Other strategies, being adopted by the Agency include drug awareness
campaign in schools across the country, development of secondary school
curriculum on drug and teachers' manual in collaboration with the Nigeria
Educational Research and Development Council (NERDC), facilitation of
publication of books on drugs and launching of drug-free clubs in several
tertiary institutions.

It has so far rehabilitated over 200 persons, train various voluntary
agencies on modalities for handling drug addicts, reintegrated over 80
rehabilitated addicts into the society and got private sector entrepreneurs
to fund drug demands reduction activities.

Law enforcement, being a multi-agency responsibility, Lafiaji has made
deliberate efforts to strengthen the Agency's relationship with sister
agencies as the State Security Services (SSS), the Police, Customs,
Immigration, the Military and the Federal Airport Authority, making the
Agency more effective at combating drug trafficking in and outside the country.

At the international level, Lafiaji has also fortified the Agency's
frontier by working closely with United States Drug Enforcement Agency
(USDEA), United States State Department Bureau of International Narcotics
and Law Enforcement (INL), the South African Police Service, the German
Secret Police, the Interpol Secretariat and West African Joint Office (WAJO).

These efforts have yielded a lot of successes, and have encouraged the US
International Narcotic Law, the German Police and the South African Police
Service to make a lot of contributions in kind and materials to the Agency.

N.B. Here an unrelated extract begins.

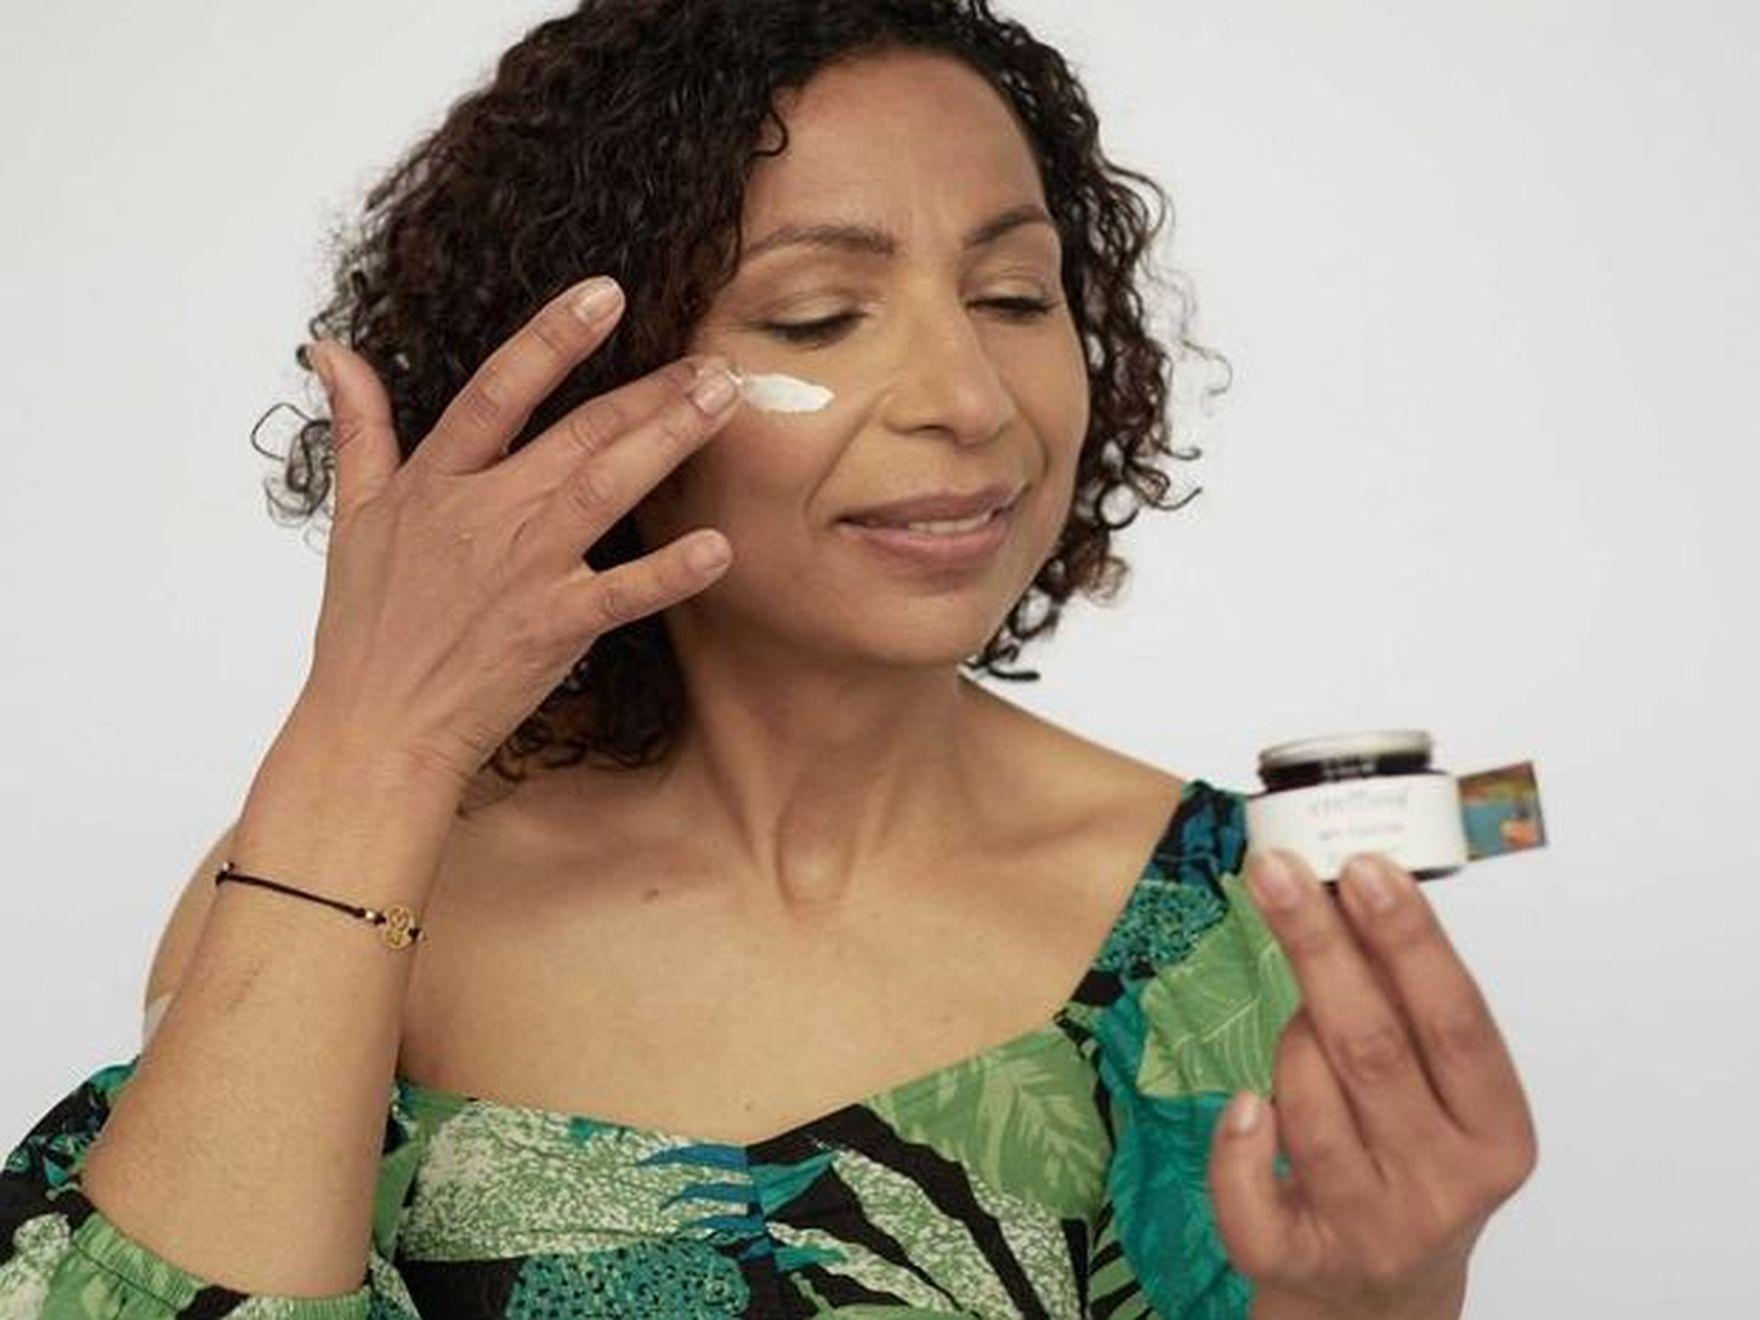 Pielęgnacja suchej skóry krok po kroku. Te kosmetyki dogłębnie nawilżą i rozprawią się z uczuciem ściągnięcia
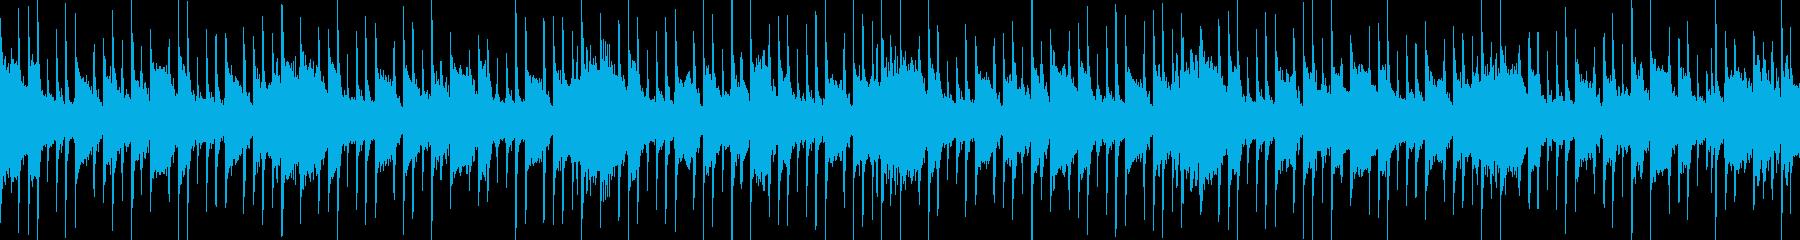 緊迫感ある一曲 ダイジェスト等に ループの再生済みの波形

Since the country was certified in March 2001, its certification has been
continuous, with the recent one in March 2003.

Nigeria was re-admitted into the United Nations Commission on Narcotic
Drugs (UNCND) at the 56th session in New York, a very significant
achievement on the part of the Agency, realising that for four years
running, the country was denied the privilege of being able to speak on
drug matters on the floor of the United Nations (UN) because of its
non-membership of the CND. The admission of Nigeria into the body signifies
that the UN system is satisfied with Nigeria's narcotic regime. The country
can not only vote and be voted for on drug matters, it can attract greater
funding from the UN system for its counter narcotic efforts.

Nothing would better attests to this as the recent election of the
Chairman/Chief Executive of NDLEA as the Secretary of the European Working
Group of the International Law Enforcement Conference.